▶ Your objective
Transcribe the data exactly. Pictures stay out.
┌─ Available data
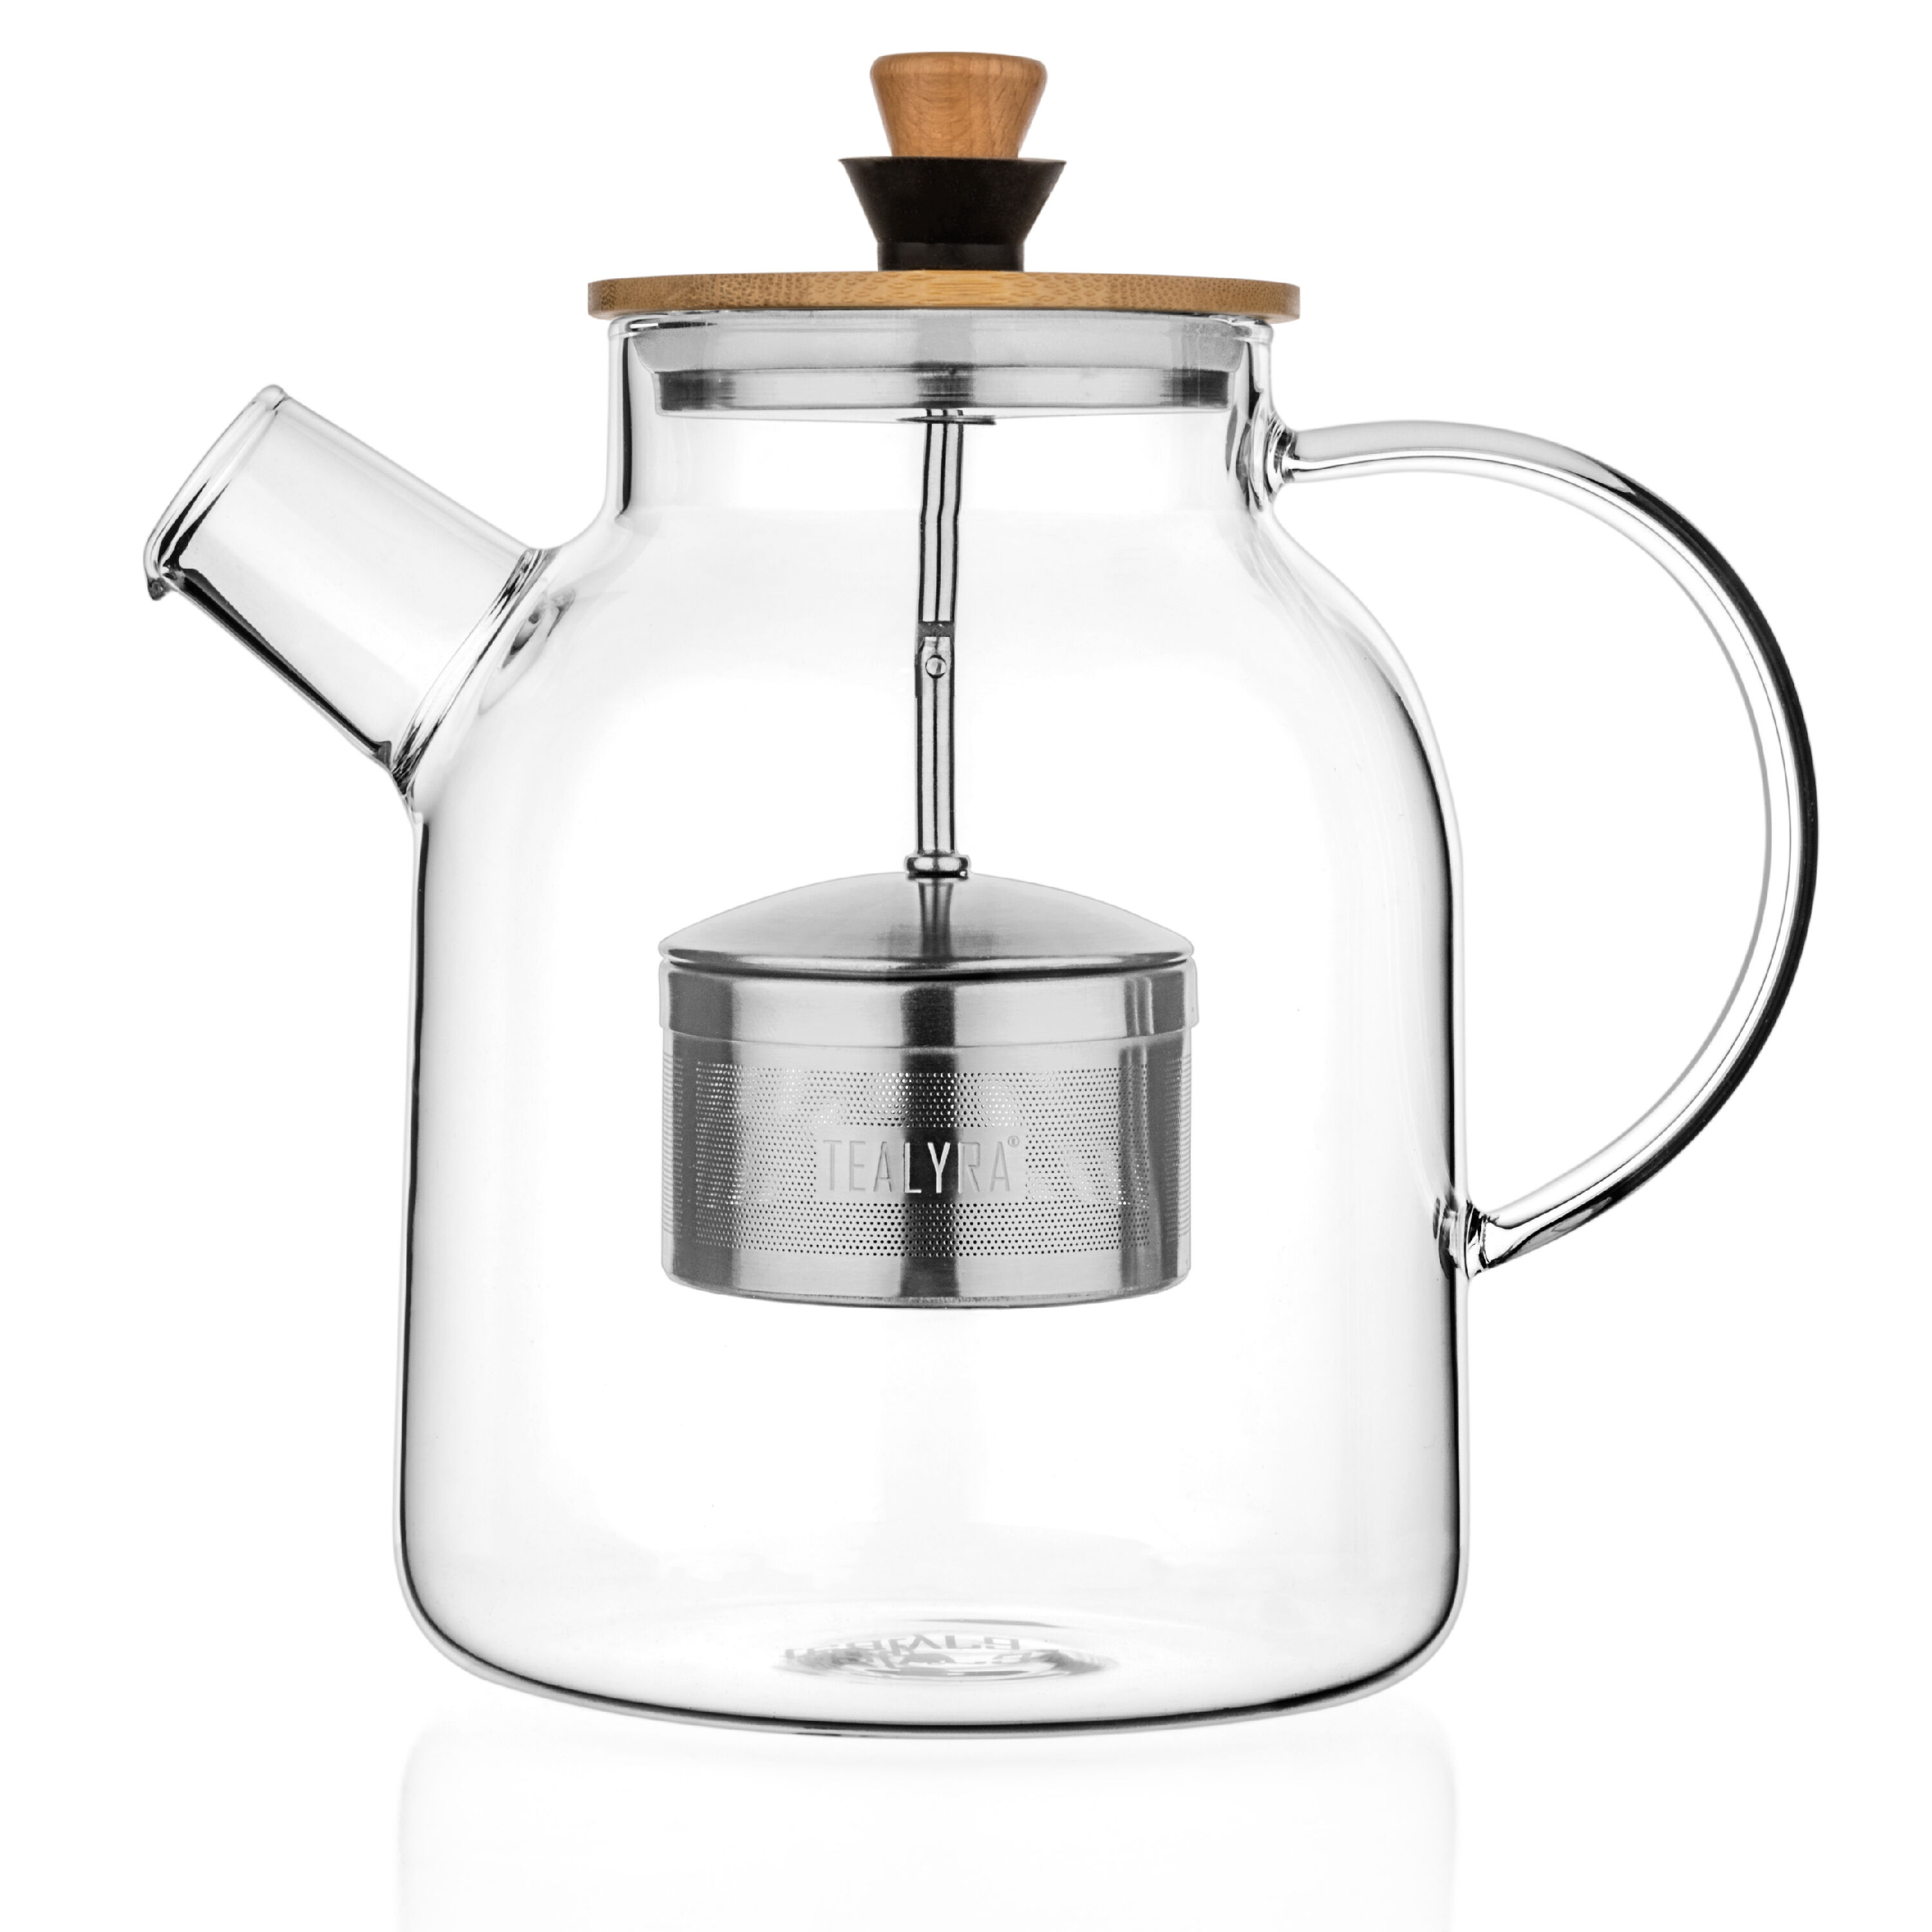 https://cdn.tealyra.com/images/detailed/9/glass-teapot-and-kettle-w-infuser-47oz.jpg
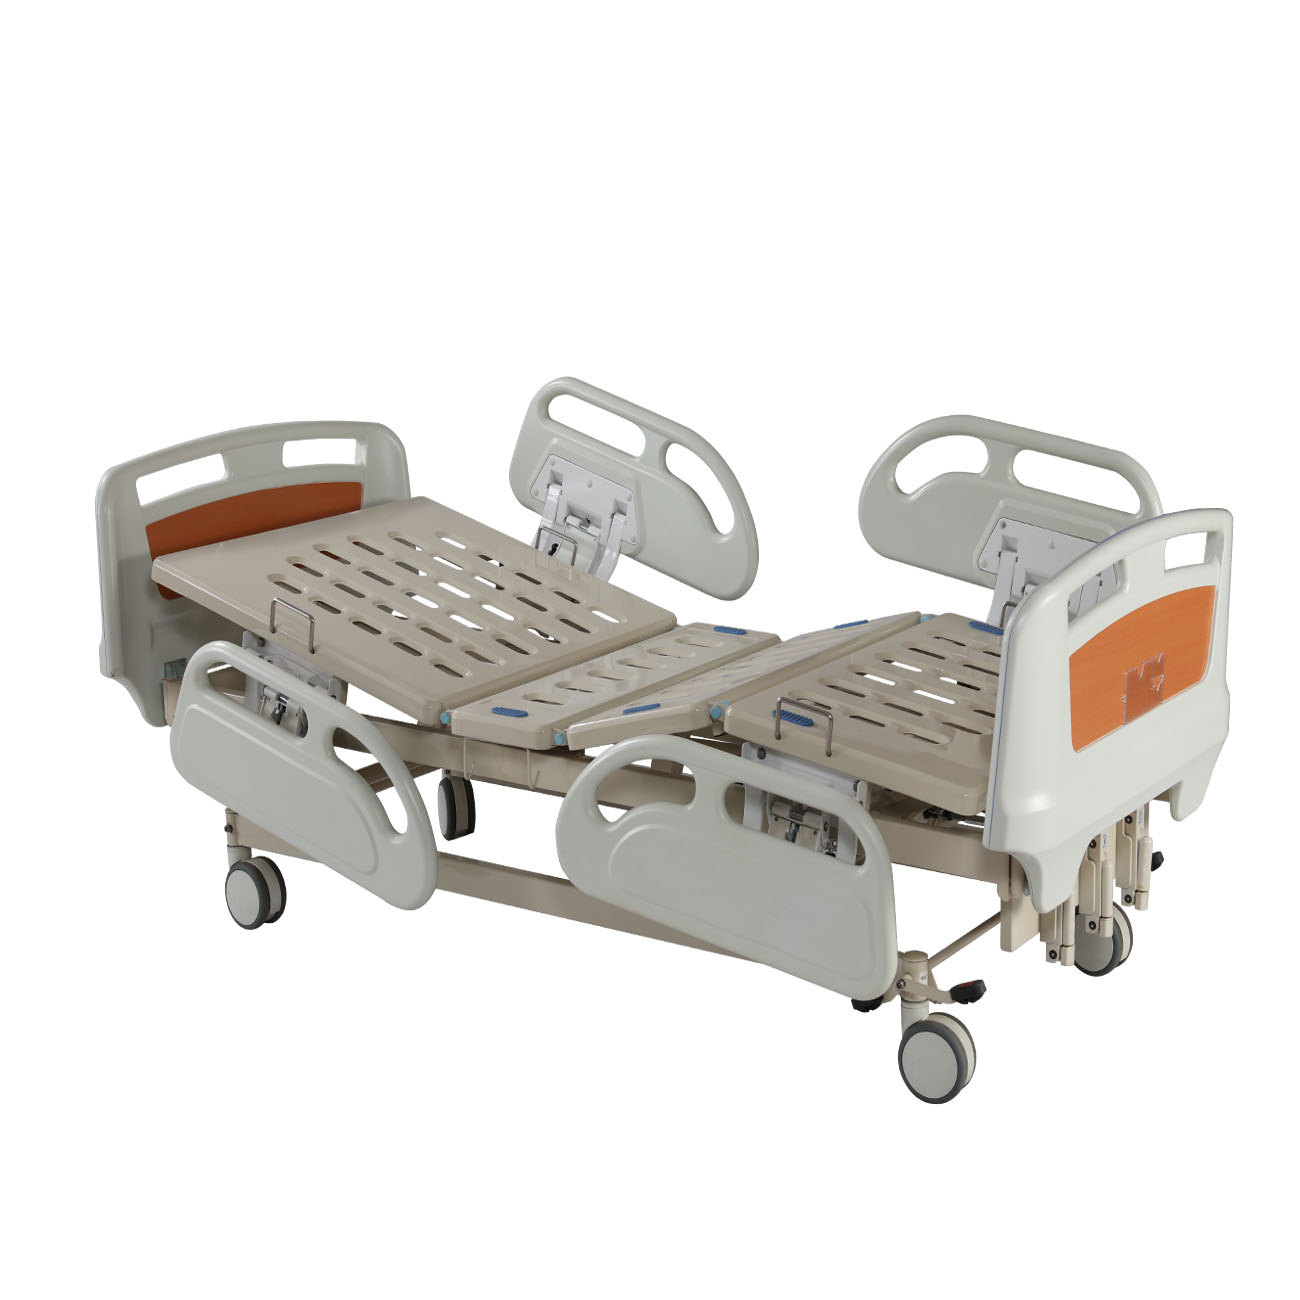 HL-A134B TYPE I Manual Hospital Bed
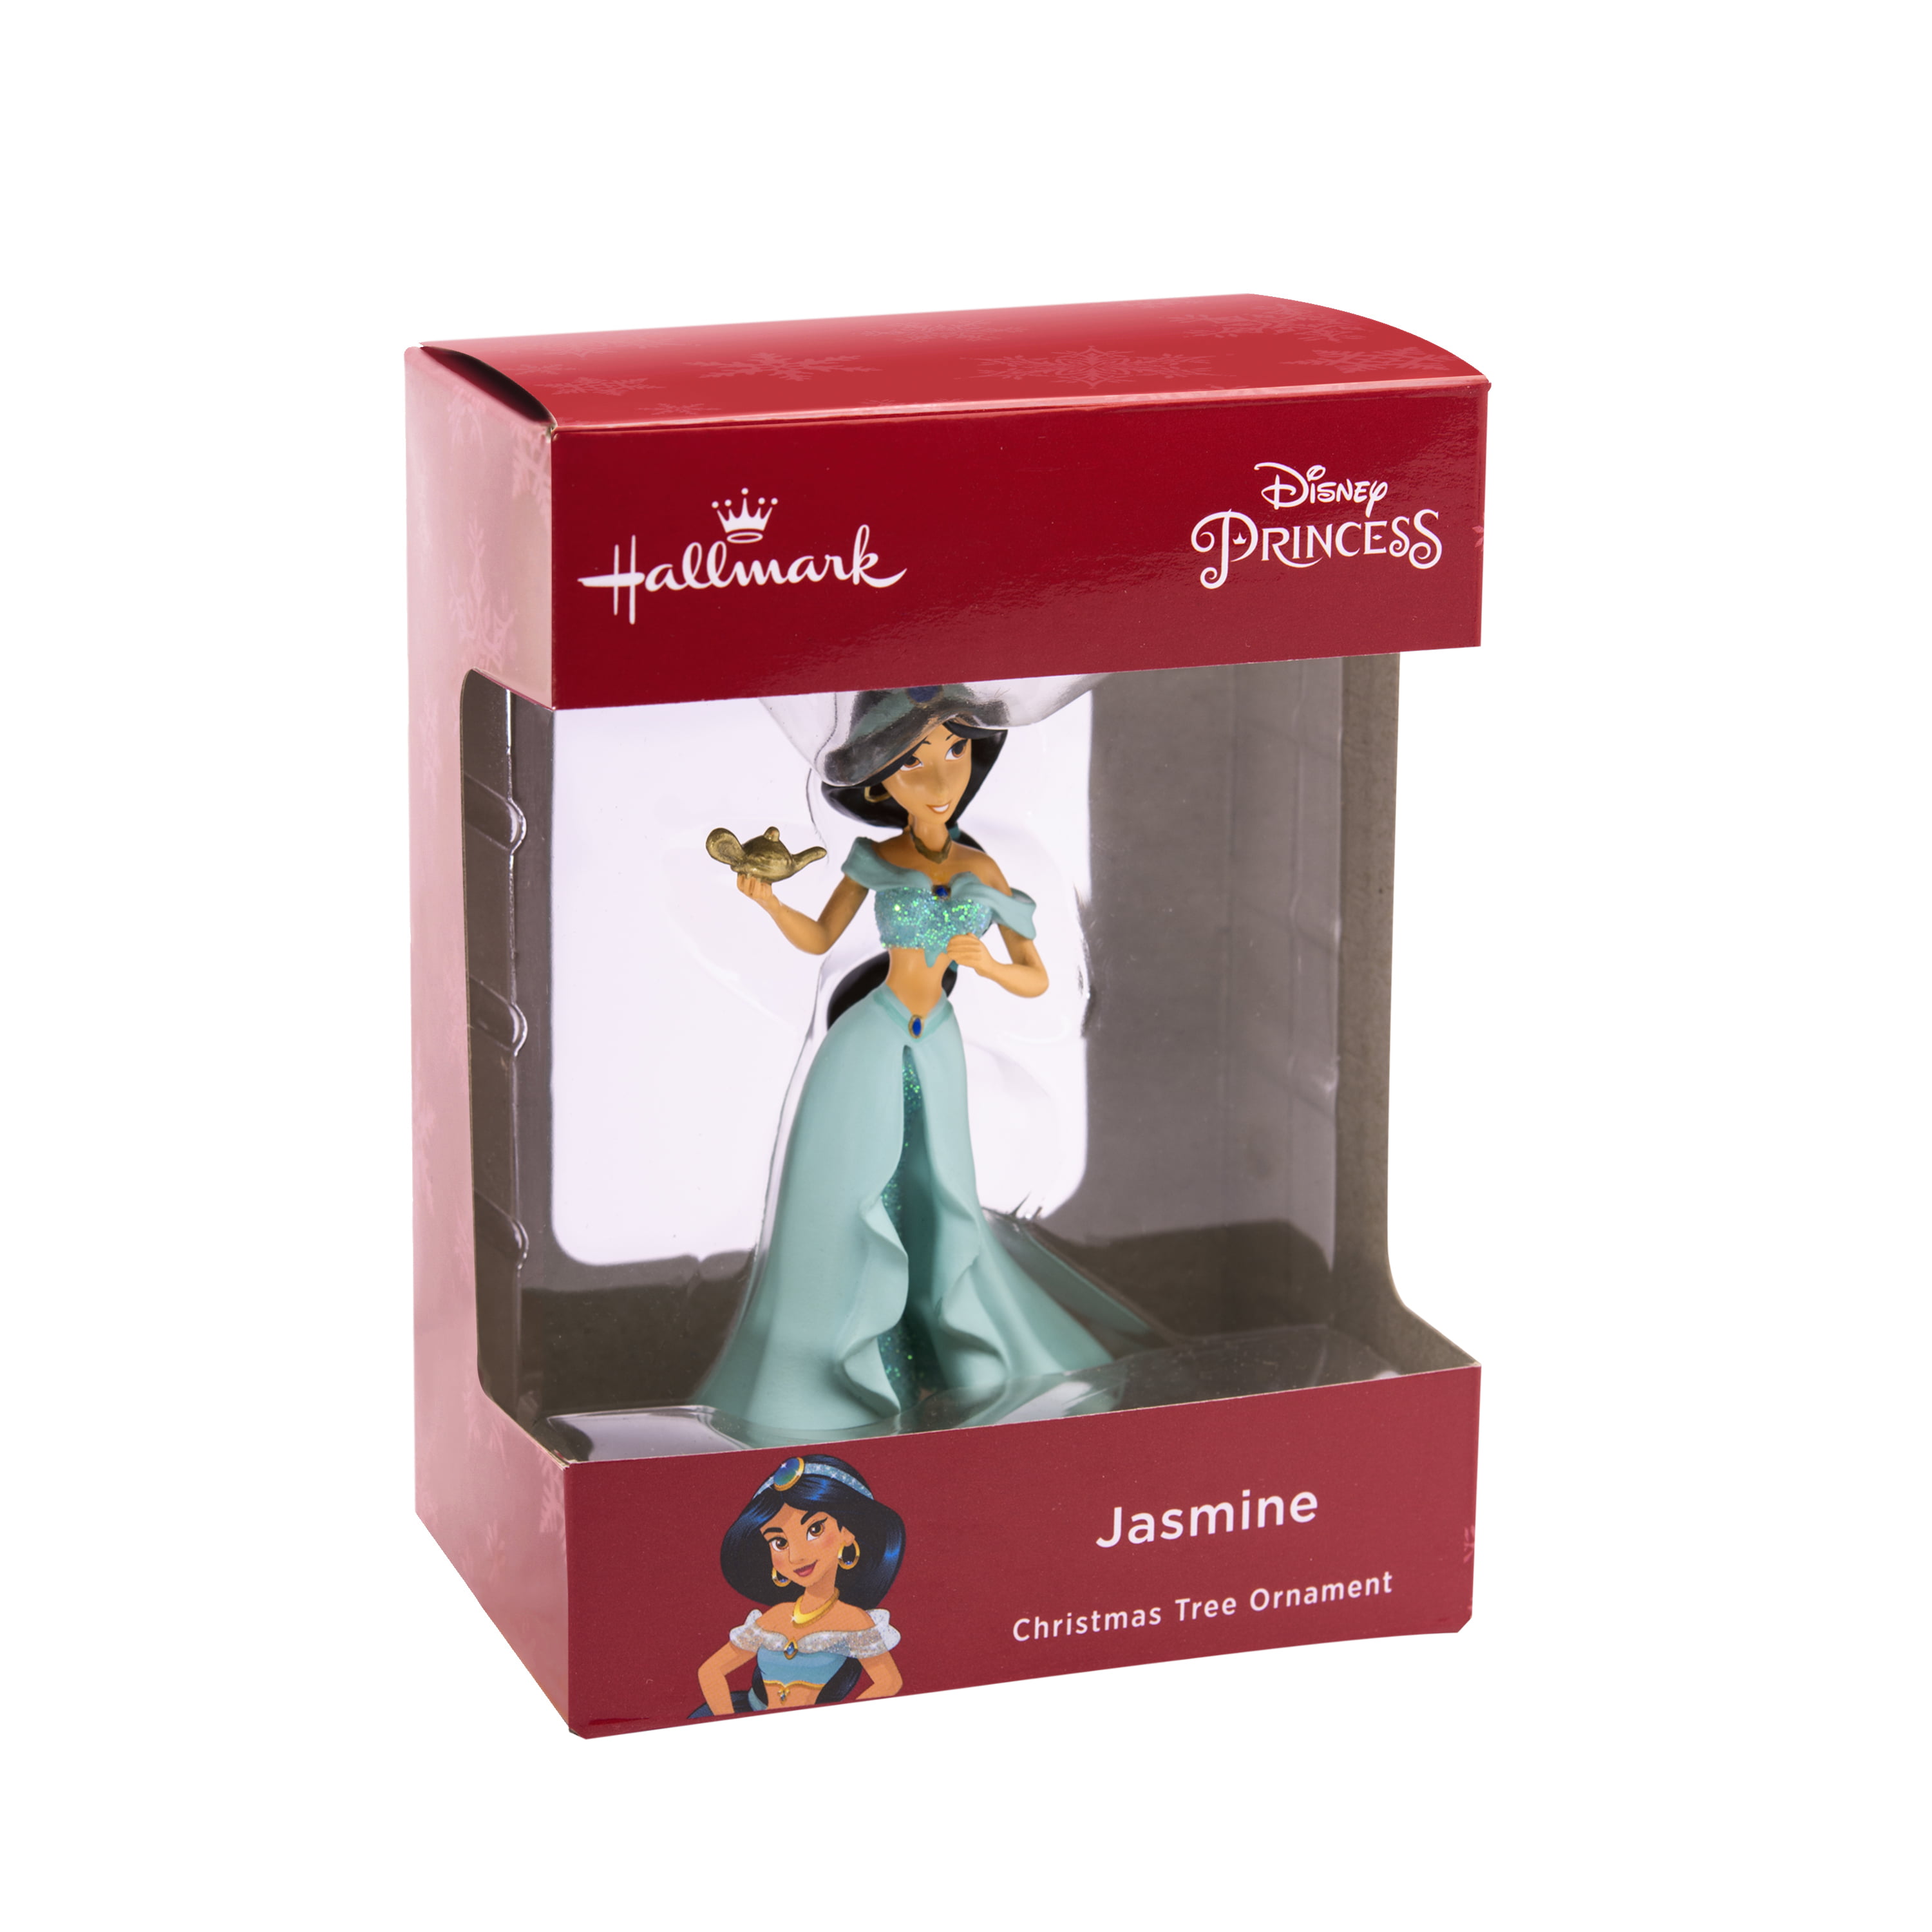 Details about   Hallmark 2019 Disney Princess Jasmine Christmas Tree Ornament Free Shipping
└─
▶ Solution below
 https://cdn.tealyra.com/images/detailed/9/glass-teapot-and-kettle-w-infuser-47oz.jpg
 HL-A134B TYPE I Manual Hospital Bed
 Details about   Hallmark 2019 Disney Princess Jasmine Christmas Tree Ornament Free Shipping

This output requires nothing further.